- Theatrical release poster
- Directed by: Fabien Onteniente
- Written by: Franck Dubosc Fabien Onteniente Guy Laurent
- Produced by: Vivien Aslanian Olivier Delbosc Romain Le Grand Marco Pacchioni
- Starring: Franck Dubosc François-Xavier Demaison Josiane Balasko Thierry Lhermitte
- Cinematography: Pierric Gantelmi d'Ille
- Music by: Benjamin Biolay Dany Synthé
- Production companies: Curiosa Films Marvelous Productions
- Distributed by: Warner Bros. Pictures
- Release date: 13 February 2019;
- Running time: 92 minutes
- Country: France
- Language: French
- Budget: $17.5 million
- Box office: $6.5 million

= All Inclusive (2019 film) =

All Inclusive is a French 2019 film directed by Fabien Onteniente.

== Plot ==
Jean-Paul Cisse (Frank Dubosc), suddenly appears around a group of travelers going on vacations to the beach before taking the bus. A couple recently had an argument, the wife leaves the husband alone for the trip (the trip being a prize he won for the couple), Jean Paul quickly approaches him to provide advice. The husband is focused on calling her to get her back but Jean Paul insists on leaving her alone and enjoying the trip. Next, a series of adventures and funny moments take place among the group who eventually become sort of friends. Things get intense when Jean Paul can't find his luggage and the system can't provide a private room for him. So, both recent friends move together to the suite for married couples. To avoid being kicked out from the special suite and keeping the treats coming from the hotel, they both have to appear as a gay couple to please the constant checks by the general manager who at some point tries some flirting over both.
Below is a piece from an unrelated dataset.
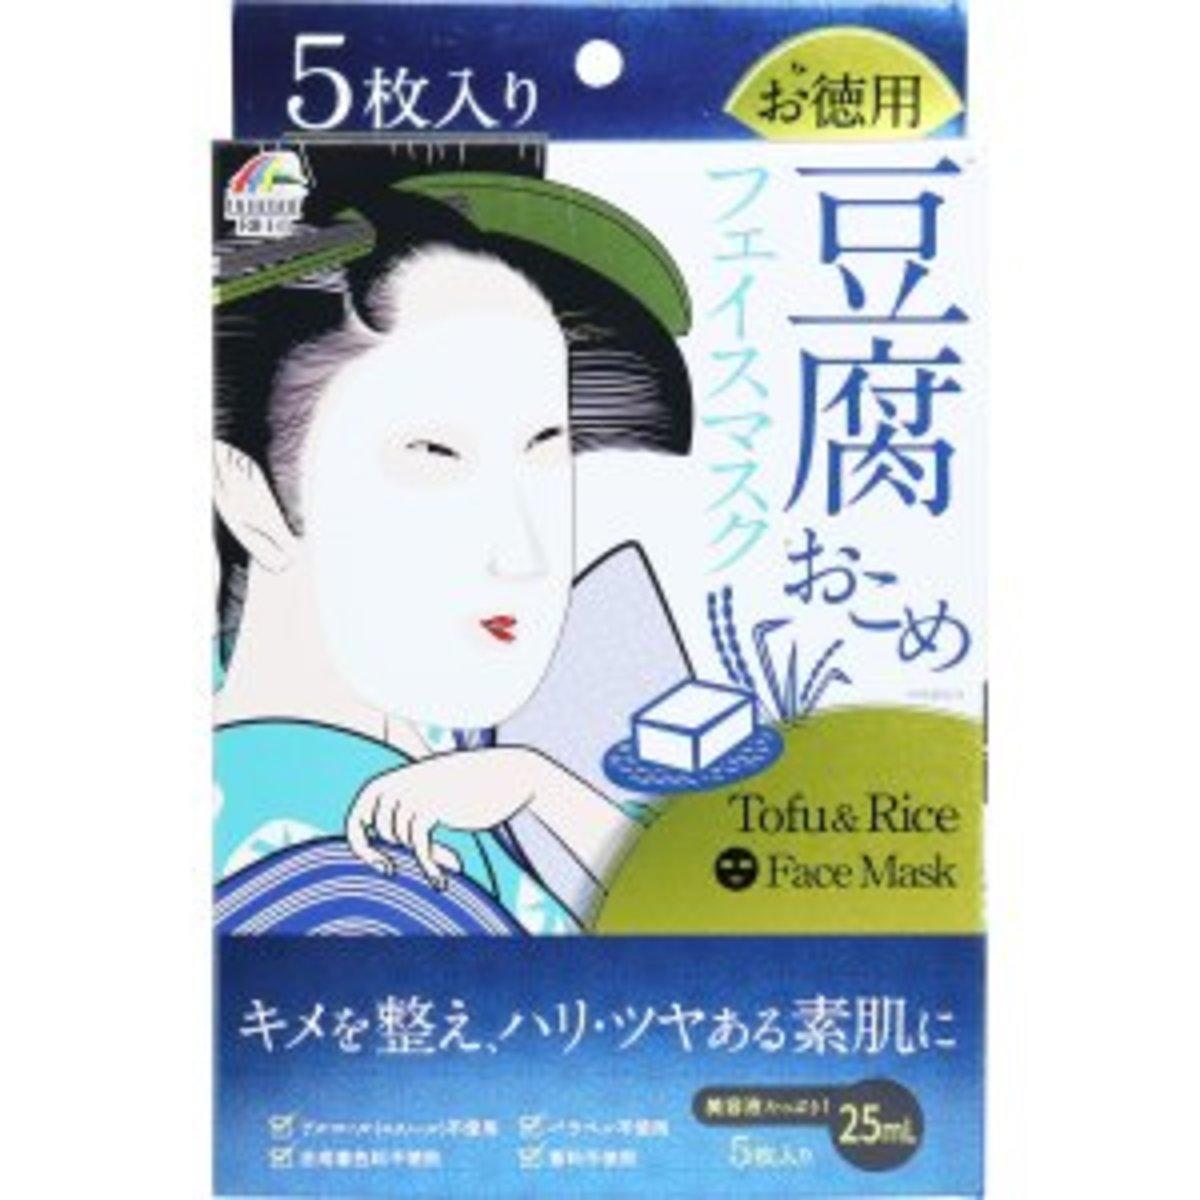 TOFU & RICE FACE MASK  5 SHEETS
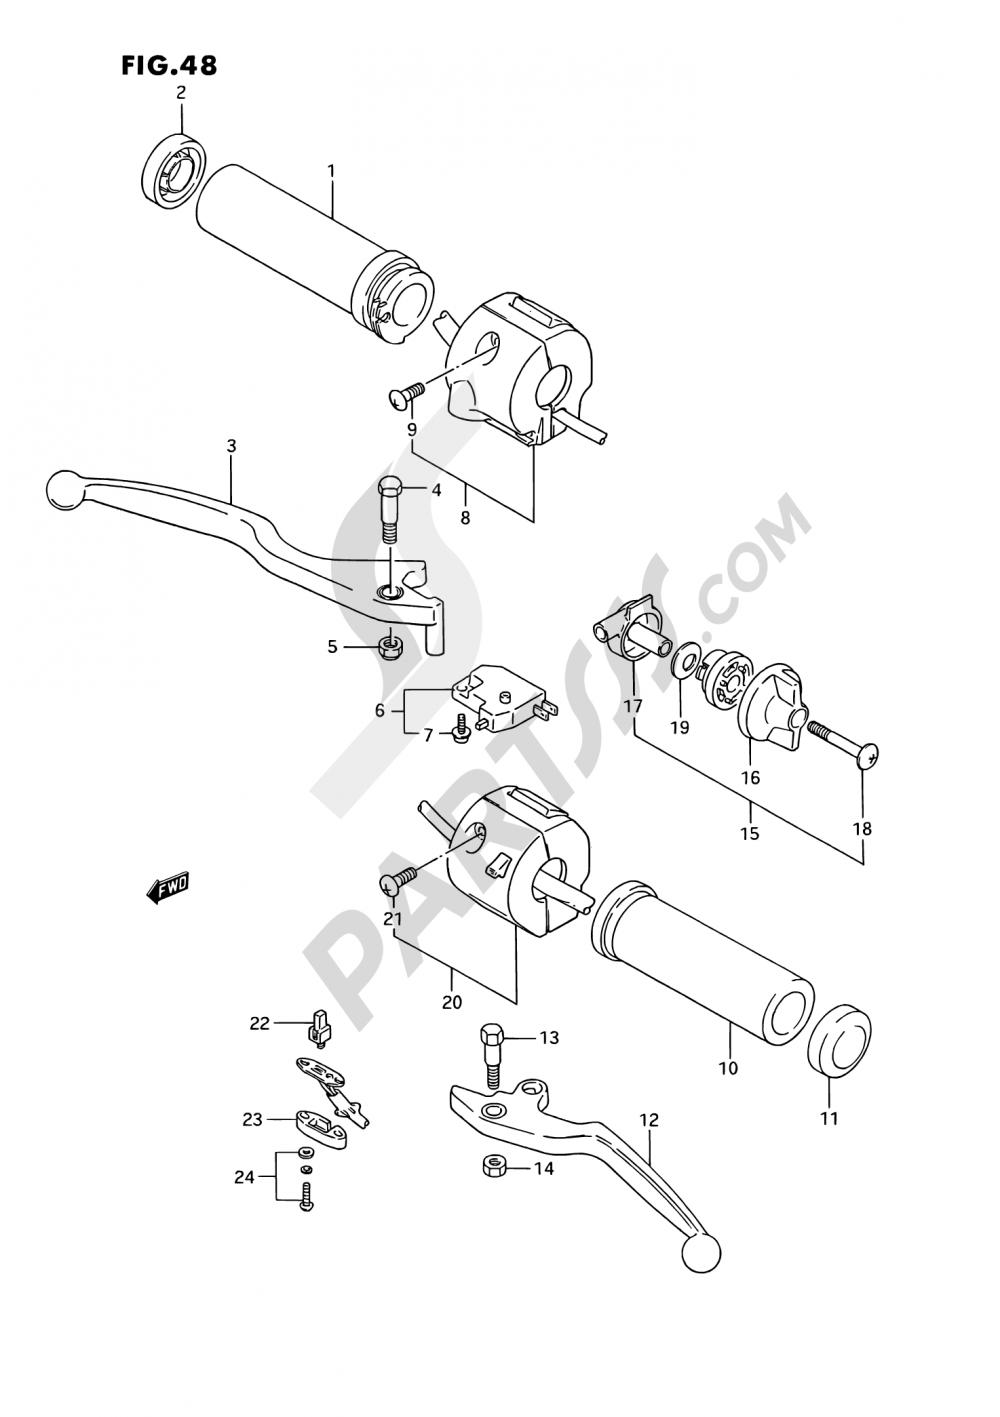 48 - HANDLE SWITCH (MODEL K/L/M/N/P/R) Suzuki VS1400GLP 1989

The comedy is family friendly.

==Cast==
- Franck Dubosc : Jean-Paul Cisse
- François-Xavier Demaison : Bruno Morin
- Josiane Balasko : Lulu
- Thierry Lhermitte : Edouard Laurent
- Amelle Chahbi : Sonia
- Caroline Anglade : Caroline
- Yvick Letexier : Pépito
- Camille Lavabre : Camille
- Victor Belmondo : Thibault
- Maïwenn : Paloma
- Kev Adams : The man at the airport

==Production==
Principal photography on the film began on 14 May 2018 and lasted until 4 July 2018 in Guadeloupe.